Dear American Consumers

Dear American Consumers,

I’d like you to know, American Consumers, that this is not an anti-American I-Feel-Guilty-for-Being-Born-In-One-of-the-Most-Developed-Nations-on-Earth post. So leave your yellow snake flags at home, please. Likewise, it’s not a pro-corporate The-Common-Man-Is-A-Jerk-Who-Should-Try-Harder post. Please don’t occupy me.

This story, like so many others, begins with me watching a video about food. Chocolate specifically. In the video it shows a reporter in Ivory Coast going to visit cacao farmers living in mostly squalid conditions. These farmers had been farming cacao most of their lives and, because a very very large chunk of Ivory Coast’s economy is based on the exportation of cacao for cocoa production, one would expect them to be well versed in all things chocolate.

Nope.

They had never tried it. In fact, they largely believed that what they were farming was being used to produce wine. [Note to scientists: Make chocolate wine.] That blew my mind. These men had spent their whole lives producing something I consider an everyday item. I could literally get enough chocolate products to fill up the bed of an El Camino and not spend $500. But these people who have toiled, by hand, for thousands of hours to produce the raw material to make that awesome car of deliciousness, have never even tasted it before. It boggled my mind.
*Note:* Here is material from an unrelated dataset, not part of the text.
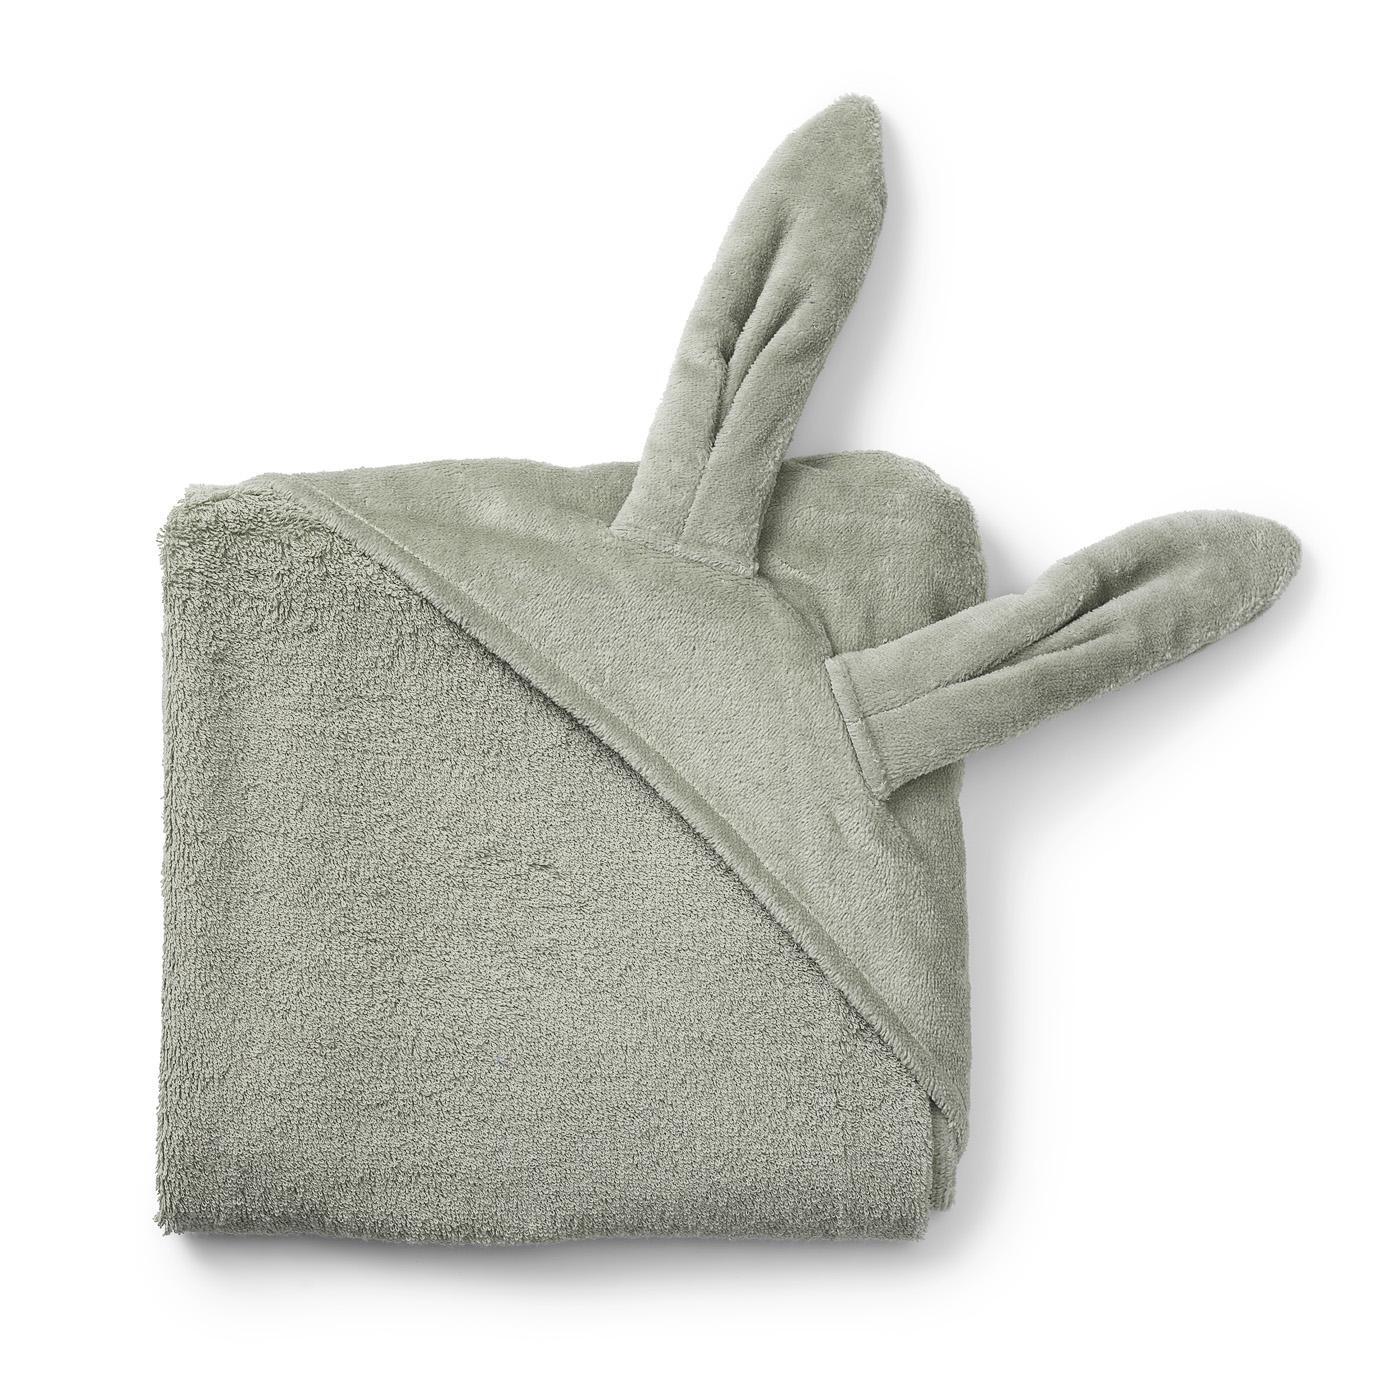 Elodie Details hooded towel 80x80cm, Mineral Green Bunny - Elodie Details

And then I started thinking about how fortunate I am that my problems aren’t real problems. No, really, they’re not. I’ll list some, so you can see what I’m talking about:

  1. My house is too small for me, my wife, and our dogs.
  2. The small bridge they are repairing produces an annoyingly long detour I have to go around.
  3. My iPhone is running slow these days.
  4. I had to go to the doctor recently to figure out what was wrong with my leg.
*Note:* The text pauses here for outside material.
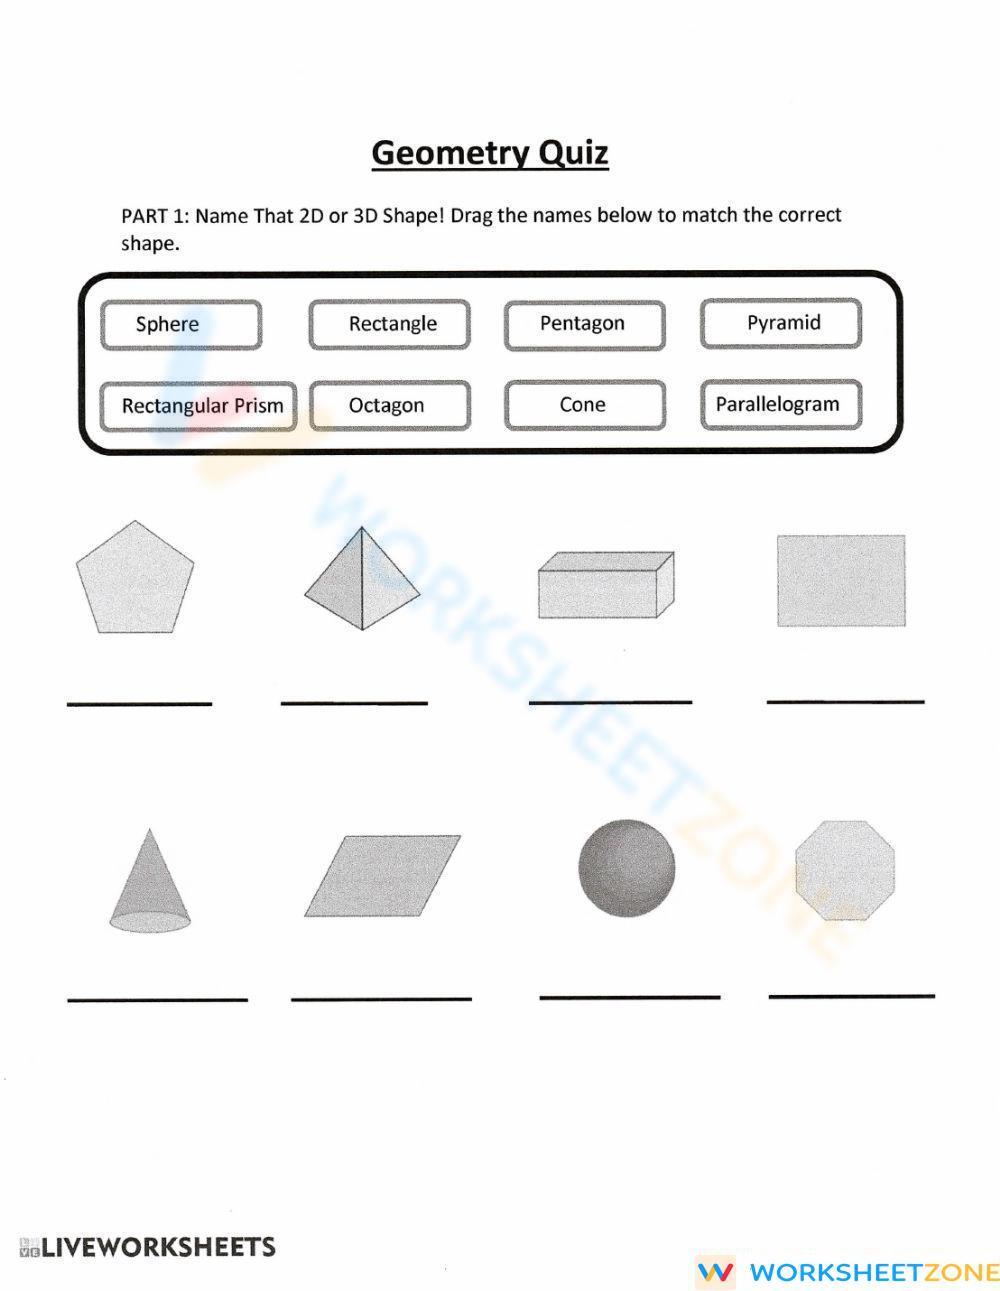 https://storage.googleapis.com/worksheetzone/image/62153f2b7ed2e5475841fcbf/grade-3-geometry-quiz-w1000-h1291-preview-0.jpg

See what I’m talking about? These aren’t real problems! My house is too small?! It’s just under 1,000 square feet of brick and wood with more electricity in one room than those guys in Ivory Coast are likely to see in their lives. Also, I could turn on my tap and fill up their well every day for a month and I’d just have to pay a couple of hundred dollars and answer some questions about what I was doing with all that water (hint: chocolate wine). Further, the house has been standing for about 120 years with no wars destroying it, or roving bands of marauders taking it over.

The bridge is causing a detour? Think about that: we complain about infrastructure repair! We have so many paved roads that we complain about the one that’s most convenient not being available for a couple of weeks.

The iPhone? The device in my pocket that contains the sum total knowledge of humanity that I primarily use to make jokes on a social media site for fake internet points? Don’t get me started.

That leg thing? Yeah, I got too fat and my ankle couldn’t handle the extra load. The excruciating pain in my leg was caused by the fact that I enjoy the chocolate that the farmer’s themselves have never tasted, too much.

So I’m musing about all these things this morning while I’m in the shower and I see my wife has purchased a new type of soap. Reminiscing about the days before smart phones, where we had to read the back of the shampoo bottle while we used the restroom, I investigated and saw that this new soap she probably had to have was called Touch of Sparkle. I rolled my eyes and made a mental note to make a stripper joke later. Then I noticed the bottom of the bottle. It said “Diamond Powder & White Calla Blossom Scent” What? What do diamonds smell like? Why is diamond powder a scent? What ingredient smells like crystallized carbon? I turned the bottle over to look at the ingredients list and… well, I still can’t believe my eyes.

DiamondSoap1 DiamondSoap2

It’s ridiculous. My life is ridiculous. And to a certain degree all of our lives are, even if we do our best to not partake in these things, because most of us just don’t know what’s happening out there in the rest of world. Now, hold on, I’m not calling you a bad person for being able to drink clean water and eat chocolate. Far from it. And I’m not saying that America is this shining beacon of Utopic Wonder. We still have Detroit, after all.

But at the end of the day, American Consumers, you have to stop and think about something:

Our country, and most of the people in it, are so rich that we can literally bathe in diamonds.